Por enquanto, o começo de 2011 ainda não mostrou indicadores de que esses fundos estão se recuperando, pelo menos em termos de captação.
Os multimercados registraram resgates de R$ 580 milhões, enquanto os fundos de renda fixa atraíram R$ 3,02 bilhões na primeira quinzena de janeiro de 2011. Nesse mesmo período, os fundos de curto prazo e DI acumulam mais de R$ 16 bilhões em novos aportes. “Com o recomeço do ciclo de alta dos juros básicos, os multimercados e os fundos de ações não devem atrair os investidores, ao contrário do que está ocorrendo com os fundos atrelados às taxas básicas de juros”, diz Sandra Petrovsky, superintendente de investimentos da Votorantim Asset Management. Com isso, a tendência de baixa no segmento que vem do ano passado deve continuar por mais alguns meses, com maior possibilidade de recuperação a partir do segundo semestre.
Os fundos de ações também registraram mais resgates do que captações.

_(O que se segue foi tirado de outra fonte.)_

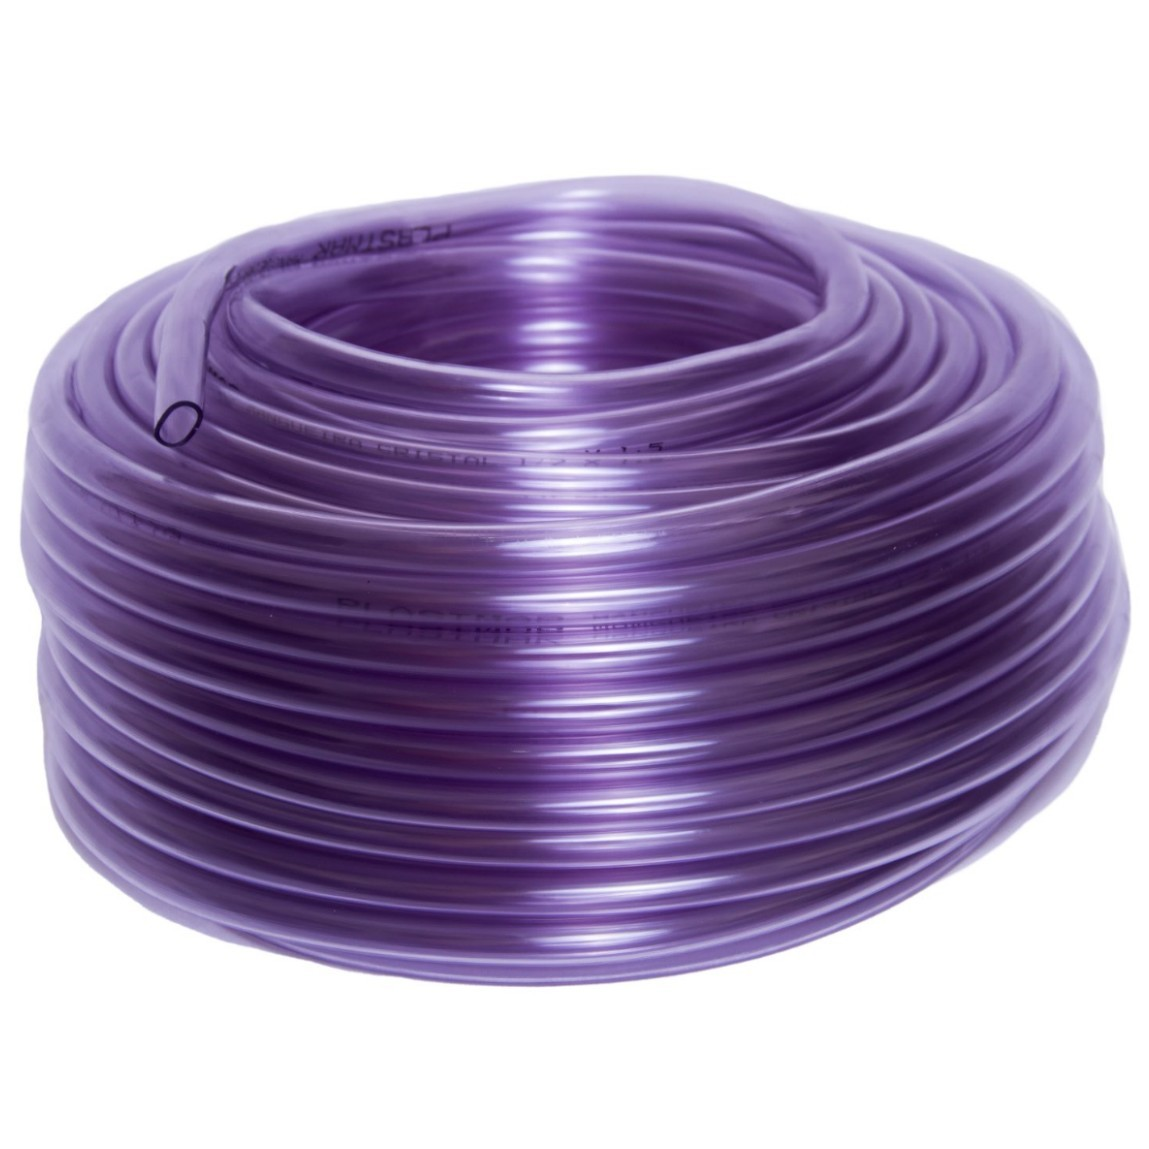 Mangueira de PVC 30m 34 Roxa 2451 - Plastmar

O patrimônio desses fundos encolheu em R$ 450 milhões na primeira quinzena do ano. Por outro lado, o apetite dos investidores estrangeiros com a Bolsa brasileira continua em alta. Até a metade de janeiro, haviam entrado R$ 2,04 bilhões em recursos do exterior na Bovespa. O cenário mostra que a Bolsa pode se recuperar e assumir uma trajetória de alta durante o ano, o que favorece a maioria dos multimercados, que utiliza ações em seus portfólios. As dúvidas que ainda persistem são sobre a trajetória do câmbio e a extensão do ciclo de aperto monetário imposto pela política econômica do Banco Central para frear a inflação.